Lovebirds of yesteryear and their limited options

Wu Liqiang Zhu Ying
It's not hard to find couples posing in Western outfits having their pre-wedding photos taken on the Bund. The city landmark has always been young lovers' first choice for dating.
Wu Liqiang Zhu Ying
Lovebirds of yesteryear and their limited options
Wu Liqiang

Wu captures an intimate moment of a couple at the doorsteps in 1991.

The black-and-white photo portraying young lovebirds snuggling was shot by Wu Liqiang on the Bund 30 years ago. They were sitting on the steps leading to the side door of the Bank of China Building, located at 23 Zhongshan Road E1.

Built in the 1930s, the building sits on the site of the former German Club. In its original design, the building had 34 floors and would have been the tallest in the Far East. However, Victor Sassoon insisted that no other building on the Bund could rise higher than his, which is today's Peace Hotel. The Bank of China Building, therefore, was cut nearly in half to 17 floors.

Lovebirds of yesteryear and their limited options
Wu Liqiang

The side door of the Bank of China Building at 74 Dianchi Road

If you take a stroll on the historical Bund, it's not hard to find couples posing in Western outfits having their pre-wedding photos taken. The city landmark has always been young lovers' first choice for dating.

In the 1980s and 90s, young couples who were introduced by their relatives or friends often went on dates in the city's parks, such as Fuxing, Xiangyang and the Bund parks. They would get off work at 4:30pm, rush home for a quick dinner and dress up before meeting at 6:30pm.

Most people in Shanghai at that time earned about 100 yuan a month, and the average cost of eating out was around 10 yuan. Consequently, most couples didn't dine out until they established a relationship.

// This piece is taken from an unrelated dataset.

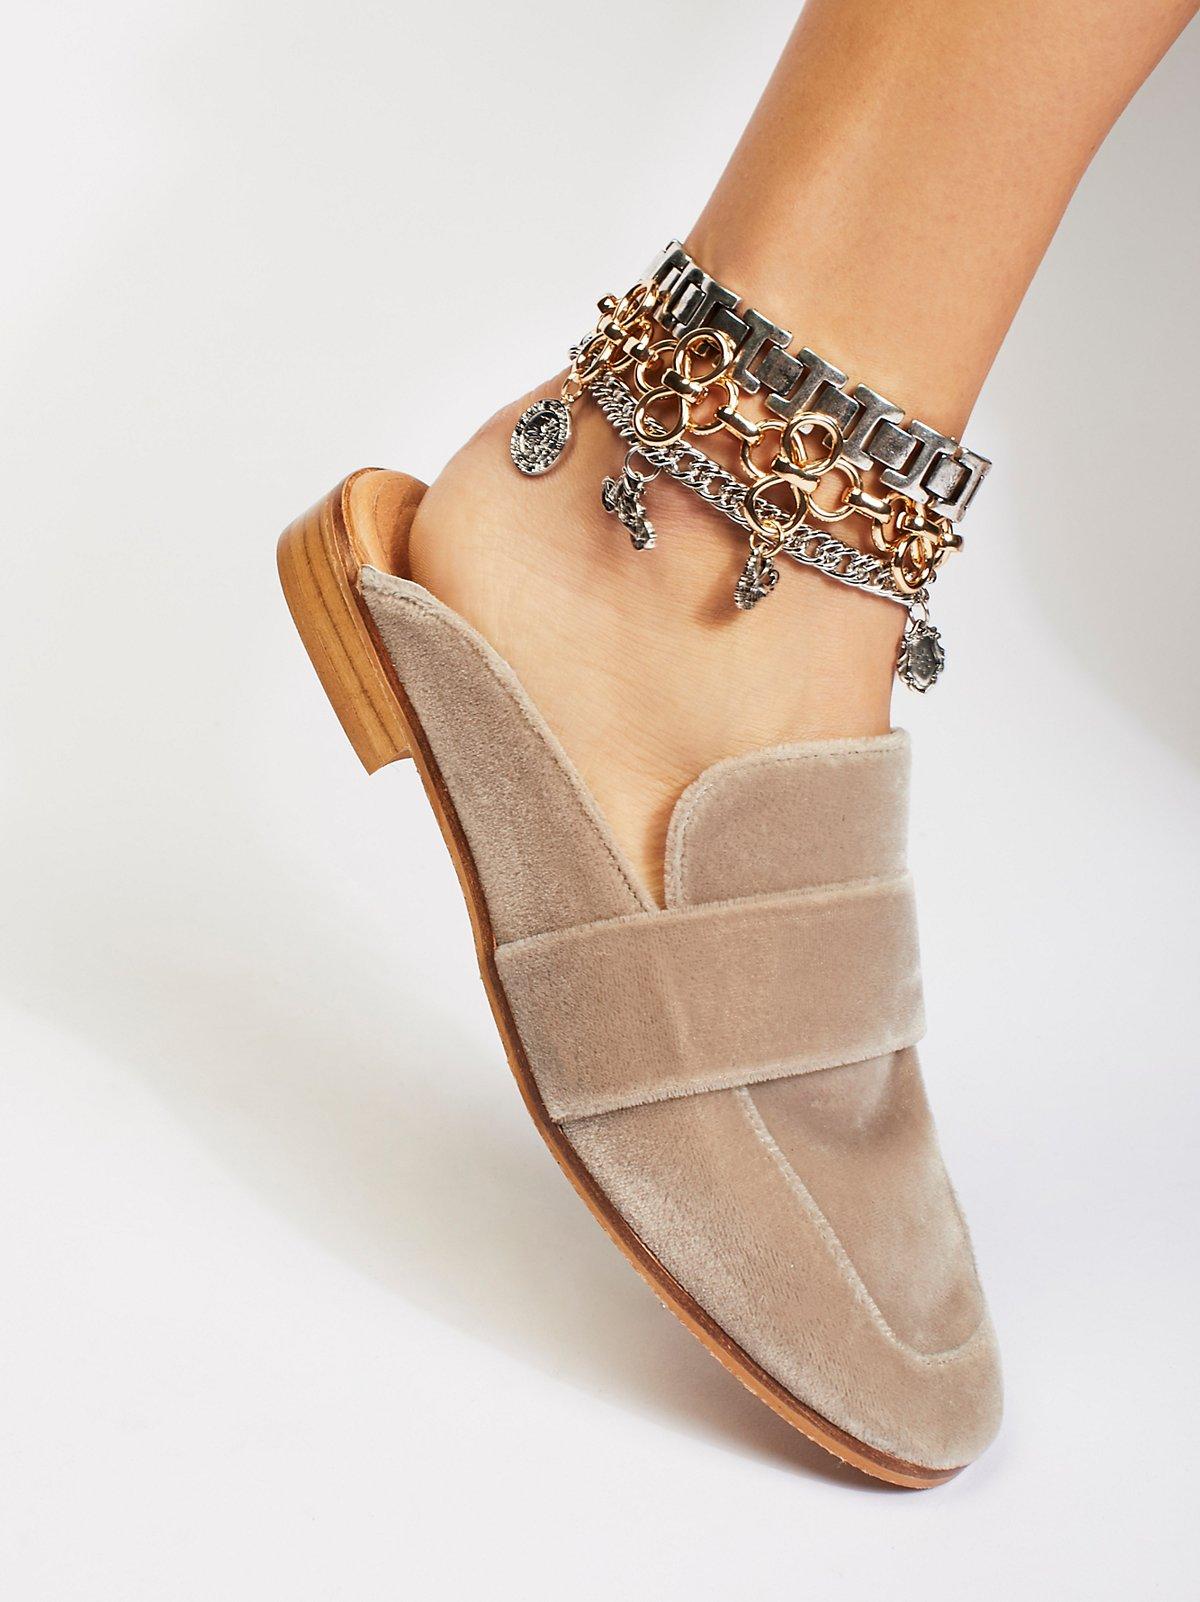 Triple Charm Anklet Set

For men and women who had just met, they did nothing but wander around parks and streets. They chitchatted about their hobbies, jobs and levels of education, which were important factors in forming a relationship. Men secretly glanced at women's faces while women gave the men a once over, checking whether their hair and shoes were clean and the brands of their watches.

At the end of the 1980s, most lovebirds couldn't have a romantic date in their homes, as the living space of Shanghai residents was very limited. Moreover, they weren't allowed to stay in hotels, which required marriage certificates.

Some couples chose to rent apartments from their friends who came from well-off families. An old couple who are friends with Wu shared their personal experience.

They recalled that their friend who was very kind-hearted and considerate decorated his home before giving them his key. He arranged flowers in a vase, made them tea, turned on the 21-inch television, prepared fruit, selected several tapes and placed them beside a recorder. He also told them he would return home at 9pm.

In order to show their gratitude, they left 20 yuan for him. The lovely afternoon decades ago remains fresh in the memories of the old couple.